The trial of this case commenced six days after the new Federal Rules of Evidence became effective. Because there was no showing by either party that the "application of the rules would not be feasible, or would work injustice," the rules were applicable to the proceedings below. See Rules of Evidence, Pub.L.No. 93-595, § 1, 88 Stat. 1926 (1975). Rule 609 provides that a prior conviction cannot be admitted without special court determination of probative value, if more than ten years have elapsed since the date of conviction or release, whichever is the later date. The Rule provides:

12

(a) General Rule. For the purpose of attacking the credibility of a witness, evidence that he has been convicted of a crime shall be admitted if elicited from him or established by public record during cross-examination but only if the crime . . . (2) involved dishonesty or false statement, regardless of the punishment.

13

(b) Time Limit. Evidence of a conviction under this rule is not admissible if a period of more than ten years has elapsed since the date of the conviction or of the release of the witness from the confinement imposed for that conviction, whichever is the later date, unless the court determines, in the interests of justice, that the probative value of the conviction supported by specific facts and circumstances substantially outweighs its prejudicial effect. . . .

14

In the instant case, the Government notified the defendant that, should he choose to testify, it intended to use a previous conviction for the crime of mail fraud to impeach him during cross-examination. That conviction was the result of a guilty plea by the defendant in connection with the very same activities which gave rise to the tax liability which he was trying to settle through his Offer in Compromise. Defendant had been sentenced to three years imprisonment for the crime of mail fraud, and had served from April 10, 1961 until May 15, 1962. Since the trial commenced in July of 1975, the time elapsed from the date of release was just under 13 years, 2 months. Nonetheless, the trial court ruled that this conviction would be admissible to impeach the defendant if he testified, thus invoking the provisions of Rule 609(b).

15

Since the effective date of the Rules, this Court has not had occasion to consider the type of determination a district court must make under Rule 609(b) to admit into evidence a conviction over ten years old. On questions involving the impeachment of a witness, the determination of the district court is to be tested on review by the abuse of discretion standard. Goddard v. United States, 131 F.2d 220 (5th Cir. 1942); United States v. Allison, 414 F.2d 407 (9th Cir.), cert. denied, 396 U.S. 968, 90 S.Ct. 449, 24 L.Ed.2d 433 (1969); S.Rep.No. 1277, 93d Cong., 2d Sess., Rule 609(b) (1974). Under Rule 609, discretion must be exercised by a specific standard.
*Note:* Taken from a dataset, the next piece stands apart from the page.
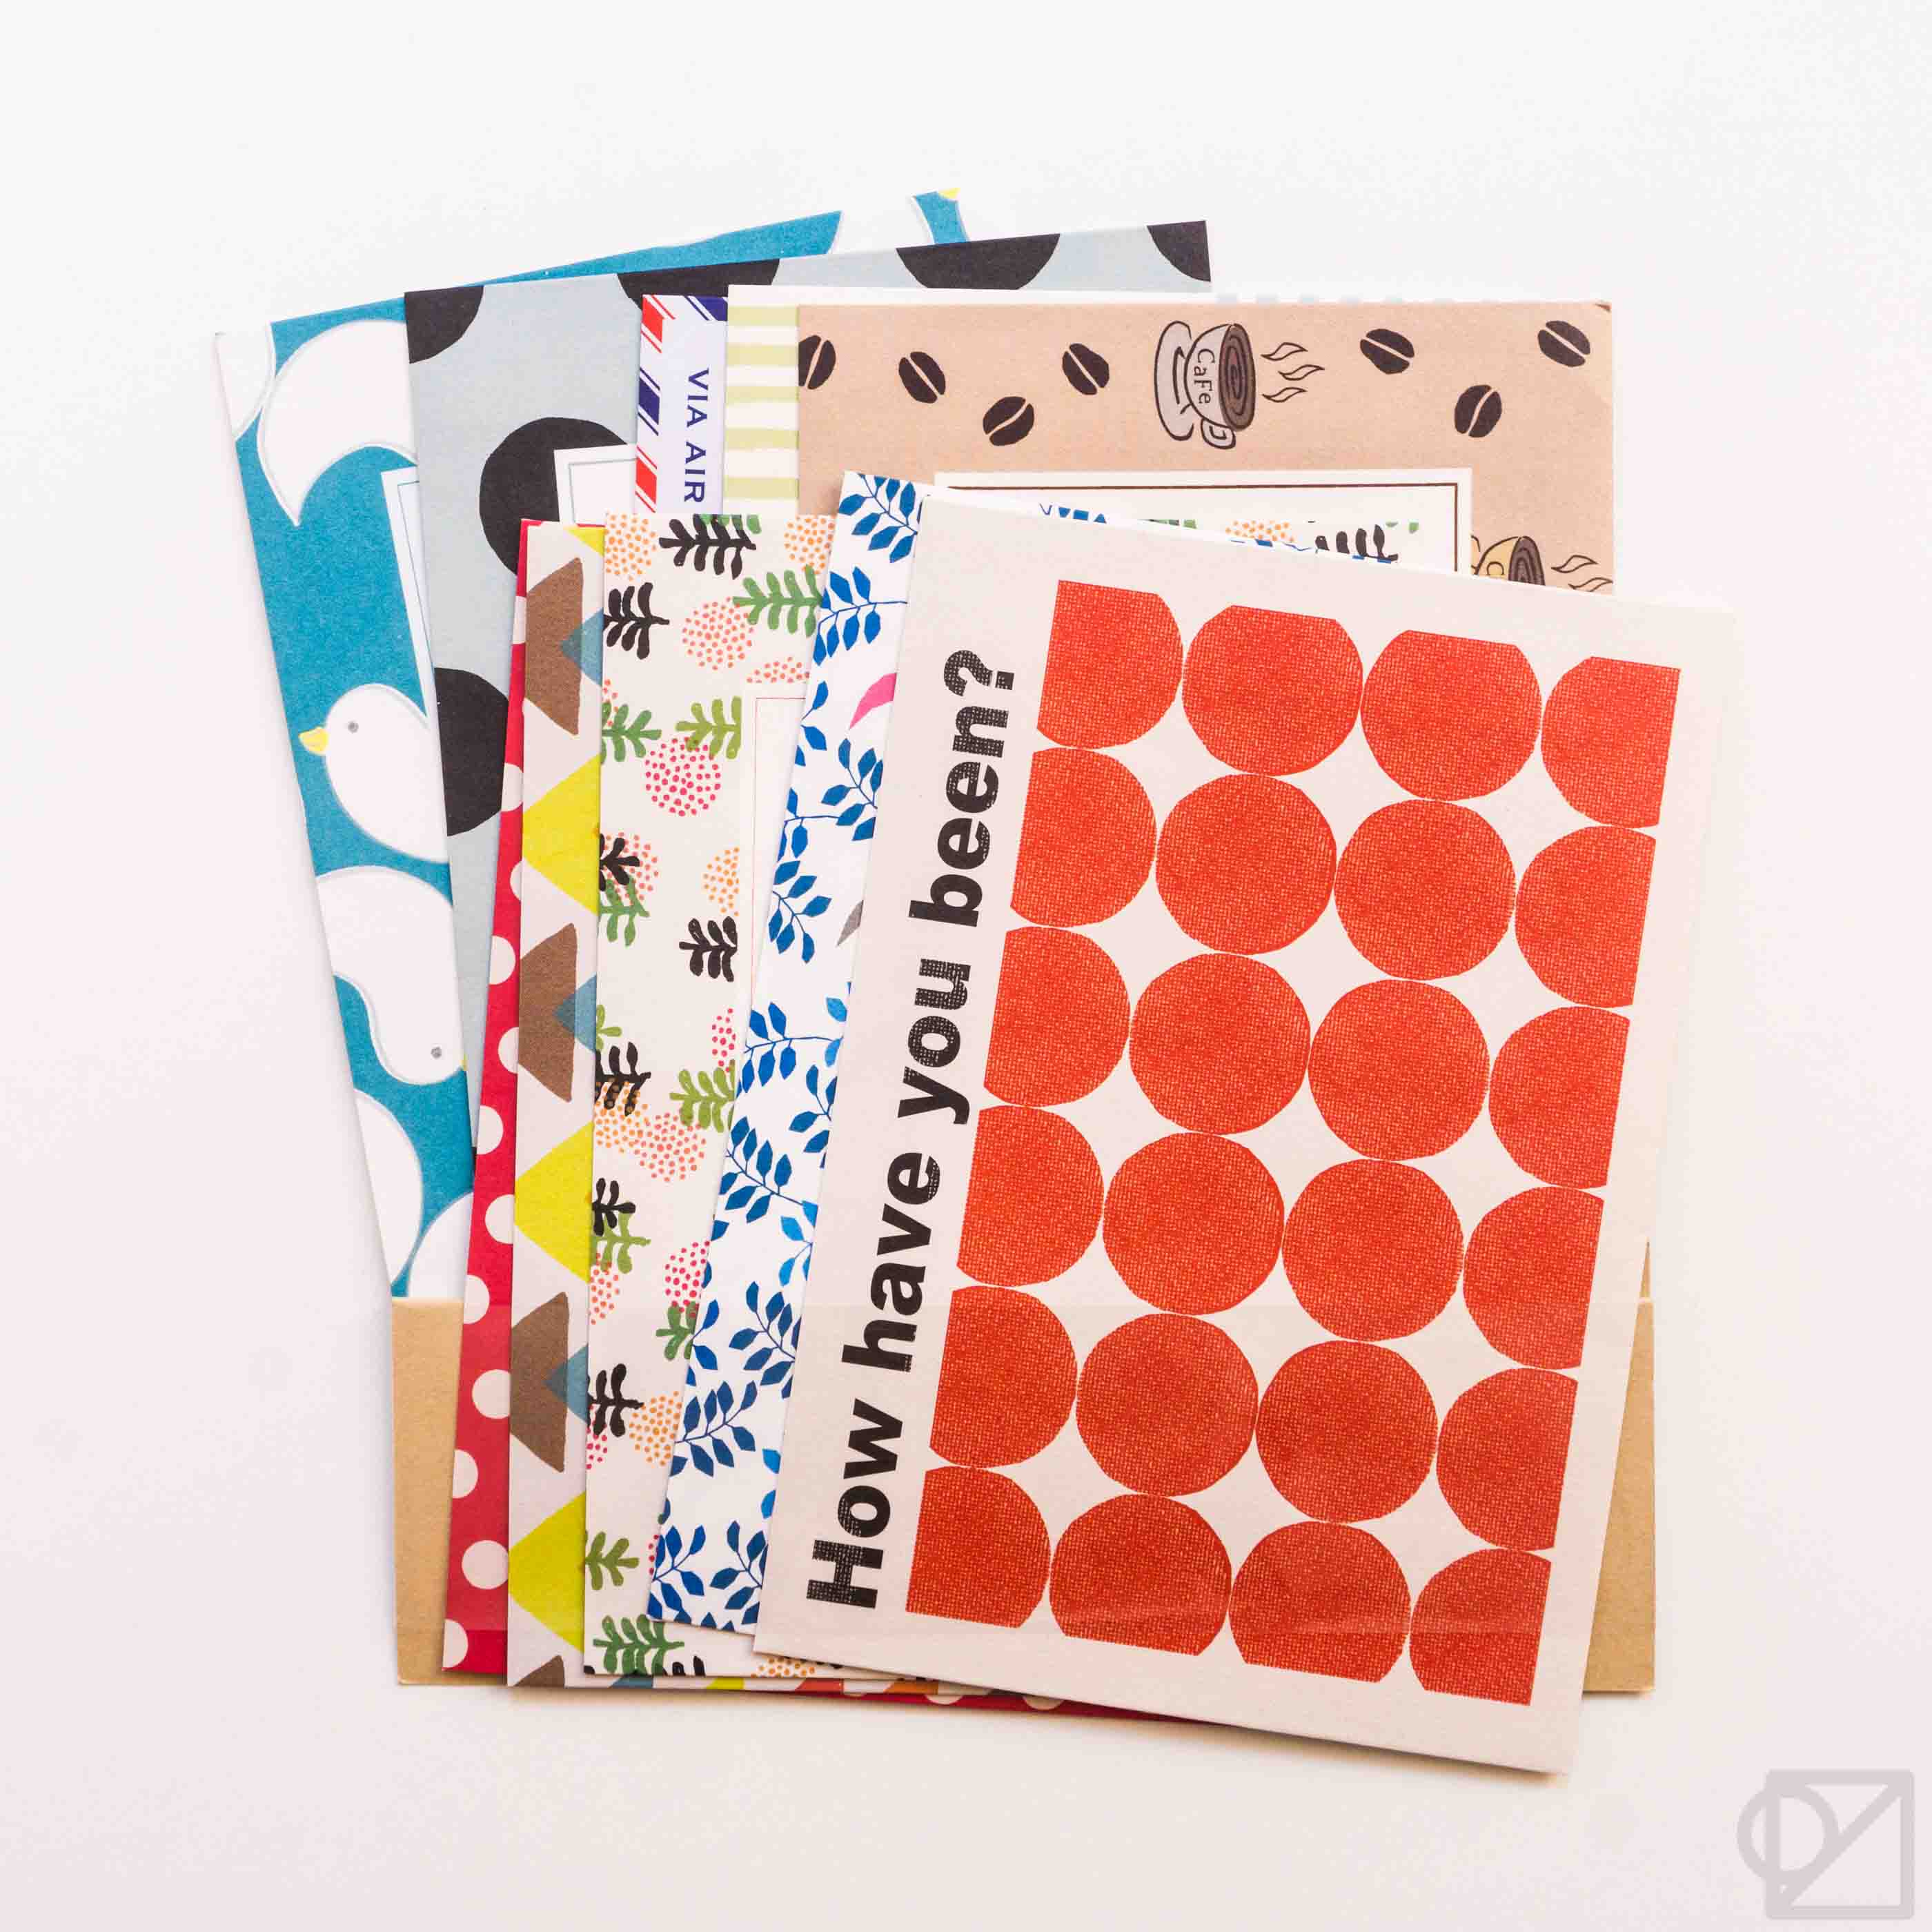 Red Tissue Paper - Midori Retail

The Rule requires a finding on specific facts and circumstances that prejudicial effect will be outweighed by probative value.

16

In evaluating the admissibility of the conviction the district court noted the nature of the prior crime, the similarity between the offense for which he was presently being tried and the offense for which he previously entered a guilty plea, and that both the events to be testified to by the defendant and the acts which constituted the crime he was currently alleged to have committed occurred within ten years of his release from confinement for the earlier crime.

17

Although the trial judge did not explicitly so state, each of these factors goes to the probative value of the prior conviction as impeachment evidence. That the nature of the crime was one involving dishonesty indicates that defendant might be the type of person who would not take the judicial oath seriously. That the offenses were similar suggests that his denials of current misconduct might not be as trustworthy as they normally would be in the absence of previous misconduct of the same kind. Because defendant would be recounting events and acts relevant to the crime of perjury that transpired during a period within ten years after his release from confinement for mail fraud, the jury might believe that his version of those events was colored by his still recent dishonest conduct and was thus less than truthful.

18

In United States v. San Martin, 505 F.2d 918, 923 (5th Cir. 1974), this Court observed that "prior crimes involving deliberate and carefully premeditated intent such as fraud and forgery are far more likely to have probative value with respect to later acts than prior crimes involving a quickly and spontaneously formed intent." Similarly such crimes are more probative on the issue of propensity to lie under oath than more violent crimes which do not involve dishonesty. See Ladd, Credibility Trends, 89 U.Pa.L.Rev. 166 (1940). Since mail fraud is within this category of offenses, its probative value is enhanced.

19

Of course, the assumption that a prior conviction demonstrates a propensity on the part of the defendant to have acted on the present occasion in conformity with the criminal character suggested by the previous conviction is impermissible. See Fed.R.Evid. 404(b). This is because our system of criminal justice focuses solely on the commission of specific forbidden acts, rather than the punishment of those persons who have a criminal or evil character. Unfortunately the trial court seemed to engage, at least partially, in this improper assumption, while otherwise properly focusing on the likelihood that the previous conviction indicated a probable lack of veracity. Nonetheless, in reviewing the factors relied on by the district court, it is apparent that they all were relevant to the impeachment inquiry. Having isolated these factors, the district judge then found on the record that they formed "a basis for an exception and that justice would not be counterbalanced against the defendant."

20

The provisions of Rule 609 require that the court find that probative value "substantially outweigh" prejudicial effect. Since the court had the Rule before it when it made the determination that the prior criminal activity of the defendant was admissible, the finding of the district court can be interpreted as concluding that the usefulness of this past criminal conviction substantially outweighed the possible prejudice to defendant. That the court neither analyzed on the record the nature of possible prejudice to defendant nor used the explicit words of the Rule in terms of "substantially outweighing" is not crucial. Sufficient evidence in the record indicates that the trial judge made a thorough and thoughtful analysis of the issue and based his conclusion upon various factors which were then before him. While Rule 609(b) may envision a more explicit proceeding with full findings setting forth the quality and nature of any possible prejudice to the defendant, we are satisfied that the district court acted within the confines of the Rule and did not abuse its discretion in admitting the prior conviction.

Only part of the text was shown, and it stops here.